The Southeast European Times aims to “offer accurate, balanced and forward-looking coverage of developments in Southeast Europe,” the website reads. “Each business day, the site captures the top news from across the region as reported in local and international media. It also features analysis, interviews and commentary by paid Southeast European Times correspondents in the region.”
The correspondents often are freelance reporters hired by Anteon Corp. Recent stories on the websites have highlighted a thawing of relations between Serbia and Croatia and efforts to promote female entrepreneurship in northern Africa.
Both websites feature stories culled from independent news services such as the Associated Press, UPI and Reuters. They also provide links to websites of the United Nations, the U.S. State Department, and government organizations in the Balkans and Africa.
Two other U.S. military commands -- the Pacific Command, which oversees operations in Asia, and the Central Command, which is responsible for the Middle East -- are developing their own versions of regional information websites.
Any decision to shut down the websites could add fuel to an ongoing debate within the Pentagon about which tactics the U.S. military should use to counter a propaganda and disinformation campaign waged by Islamic extremists worldwide. Many military officials fear that operations such as the European Command websites and Lincoln Group’s campaign in Iraq blur the lines between news and propaganda and put the Pentagon into a legal gray area.

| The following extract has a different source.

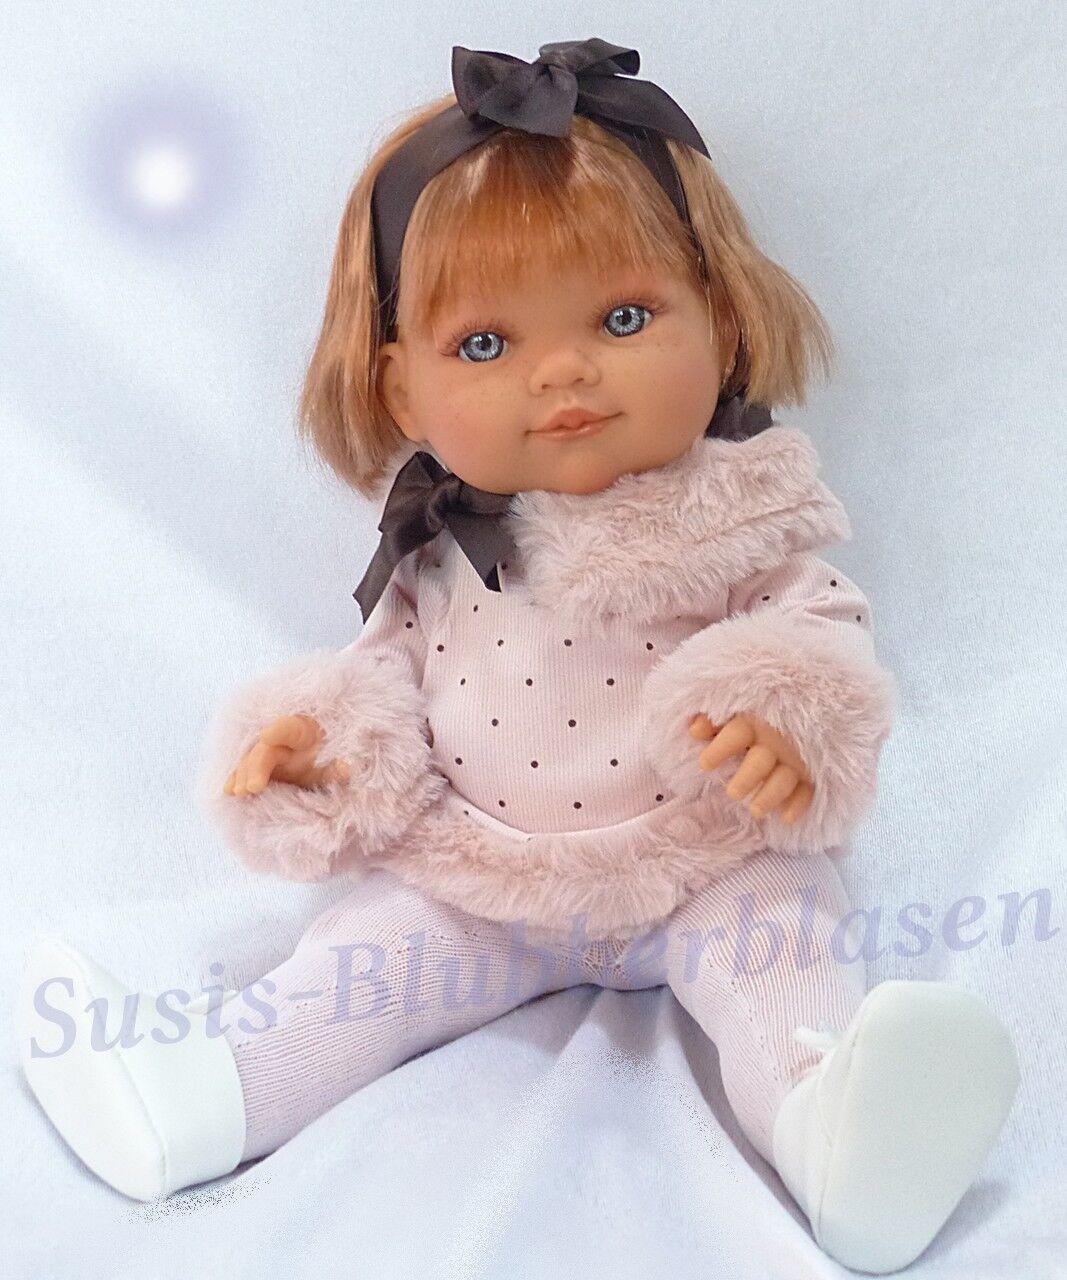 Antonio Juan Spielpuppe  Farita Lazo   38cm - Bezauberde Puppe mit Kunsthaar

U.S. law forbids the Pentagon from conducting propaganda campaigns against American audiences. And though efforts such as the websites target foreign countries, they are available to any person with a computer.
Yet others argue that only the Pentagon has the capabilities for an aggressive campaign to counter enemy propaganda. Such efforts are far more essential to the ongoing fight against Islamic fundamentalism than multibillion-dollar tanks, jets or aircraft carriers, they argue.
“We have never been outgunned in any battle, but we are constantly being outmedia-ed,” said one Pentagon official who supported an aggressive information operations campaign. “These are things we should be doing more of.”
Given the Pentagon’s massive budget and offices of soldiers who carry out information operations, DiRita said it was natural that the Defense Department would try to “fill the vacuum” left after the State Department’s public diplomacy budget was slashed after the Cold War.
“We have a lot of skilled people, a lot of energy, and a lot of money,” said DiRita, an assistant secretary of Defense. “But I question whether the DoD is the best place to be doing these things.”
As part of broad assessment of Pentagon policies, doctrine and weapons systems, a Defense Department working group has been trying to develop guidelines for the proper role of information dissemination during wartime. DiRita leads the working group.